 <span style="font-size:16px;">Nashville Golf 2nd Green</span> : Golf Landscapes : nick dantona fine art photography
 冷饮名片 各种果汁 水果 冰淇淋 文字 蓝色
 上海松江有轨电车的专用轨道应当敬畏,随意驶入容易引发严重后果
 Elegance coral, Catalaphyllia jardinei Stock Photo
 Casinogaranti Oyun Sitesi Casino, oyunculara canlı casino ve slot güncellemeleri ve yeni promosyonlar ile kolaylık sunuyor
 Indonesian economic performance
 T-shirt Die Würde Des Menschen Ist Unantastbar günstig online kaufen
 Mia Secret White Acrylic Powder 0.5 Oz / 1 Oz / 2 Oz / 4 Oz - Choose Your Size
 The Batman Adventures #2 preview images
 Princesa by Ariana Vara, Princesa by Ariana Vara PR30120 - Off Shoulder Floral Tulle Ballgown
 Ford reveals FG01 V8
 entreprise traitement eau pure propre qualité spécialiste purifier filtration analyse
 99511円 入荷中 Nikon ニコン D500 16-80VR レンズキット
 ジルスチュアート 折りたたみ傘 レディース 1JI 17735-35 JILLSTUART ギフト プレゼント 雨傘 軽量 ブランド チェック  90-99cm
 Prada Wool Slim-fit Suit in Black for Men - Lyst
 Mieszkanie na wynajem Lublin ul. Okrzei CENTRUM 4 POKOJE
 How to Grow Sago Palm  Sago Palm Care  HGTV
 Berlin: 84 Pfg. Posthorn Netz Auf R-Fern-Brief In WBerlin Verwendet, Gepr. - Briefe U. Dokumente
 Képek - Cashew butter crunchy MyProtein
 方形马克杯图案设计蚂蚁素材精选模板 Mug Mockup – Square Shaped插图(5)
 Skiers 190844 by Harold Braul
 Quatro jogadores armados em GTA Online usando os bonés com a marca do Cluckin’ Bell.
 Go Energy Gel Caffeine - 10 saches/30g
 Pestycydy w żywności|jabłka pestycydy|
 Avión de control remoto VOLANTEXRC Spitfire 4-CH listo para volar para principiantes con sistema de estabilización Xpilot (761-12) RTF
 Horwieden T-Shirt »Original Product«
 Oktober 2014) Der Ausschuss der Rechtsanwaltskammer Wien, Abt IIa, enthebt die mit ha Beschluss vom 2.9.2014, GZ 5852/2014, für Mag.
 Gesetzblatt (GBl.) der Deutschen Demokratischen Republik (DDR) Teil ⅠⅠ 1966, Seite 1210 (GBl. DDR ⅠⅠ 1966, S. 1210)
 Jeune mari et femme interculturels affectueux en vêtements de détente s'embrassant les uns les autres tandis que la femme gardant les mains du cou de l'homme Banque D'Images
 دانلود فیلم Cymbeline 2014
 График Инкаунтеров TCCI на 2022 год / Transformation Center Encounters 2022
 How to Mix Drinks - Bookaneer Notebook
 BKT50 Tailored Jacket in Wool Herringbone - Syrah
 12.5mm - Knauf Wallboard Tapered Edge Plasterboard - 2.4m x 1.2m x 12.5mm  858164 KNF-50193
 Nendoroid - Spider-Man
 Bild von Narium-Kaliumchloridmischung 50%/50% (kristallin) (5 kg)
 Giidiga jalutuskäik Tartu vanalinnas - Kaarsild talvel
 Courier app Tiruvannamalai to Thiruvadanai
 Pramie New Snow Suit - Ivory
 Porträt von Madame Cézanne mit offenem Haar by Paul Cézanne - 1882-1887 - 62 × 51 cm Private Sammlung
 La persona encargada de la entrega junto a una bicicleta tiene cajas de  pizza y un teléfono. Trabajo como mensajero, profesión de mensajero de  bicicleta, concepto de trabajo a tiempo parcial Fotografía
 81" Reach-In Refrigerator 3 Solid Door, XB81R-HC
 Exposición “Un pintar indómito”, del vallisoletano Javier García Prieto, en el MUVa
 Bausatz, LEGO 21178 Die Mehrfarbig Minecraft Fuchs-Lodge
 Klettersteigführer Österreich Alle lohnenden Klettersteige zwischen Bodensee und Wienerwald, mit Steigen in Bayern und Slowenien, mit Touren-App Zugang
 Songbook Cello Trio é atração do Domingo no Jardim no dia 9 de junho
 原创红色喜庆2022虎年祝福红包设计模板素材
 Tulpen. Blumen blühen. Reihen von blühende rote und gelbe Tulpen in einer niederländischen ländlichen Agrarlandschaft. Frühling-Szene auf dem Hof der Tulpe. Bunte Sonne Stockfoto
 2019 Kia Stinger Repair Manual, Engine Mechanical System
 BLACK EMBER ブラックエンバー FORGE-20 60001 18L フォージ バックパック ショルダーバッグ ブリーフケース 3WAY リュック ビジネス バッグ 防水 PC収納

What you have to do —
Reproduce each line, exactly as it appears, from the one that contains "Bausatz, LEGO 21178" through the last line of the records. Add no other lines.

Task output —
 Bausatz, LEGO 21178 Die Mehrfarbig Minecraft Fuchs-Lodge
 Klettersteigführer Österreich Alle lohnenden Klettersteige zwischen Bodensee und Wienerwald, mit Steigen in Bayern und Slowenien, mit Touren-App Zugang
 Songbook Cello Trio é atração do Domingo no Jardim no dia 9 de junho
 原创红色喜庆2022虎年祝福红包设计模板素材
 Tulpen. Blumen blühen. Reihen von blühende rote und gelbe Tulpen in einer niederländischen ländlichen Agrarlandschaft. Frühling-Szene auf dem Hof der Tulpe. Bunte Sonne Stockfoto
 2019 Kia Stinger Repair Manual, Engine Mechanical System
 BLACK EMBER ブラックエンバー FORGE-20 60001 18L フォージ バックパック ショルダーバッグ ブリーフケース 3WAY リュック ビジネス バッグ 防水 PC収納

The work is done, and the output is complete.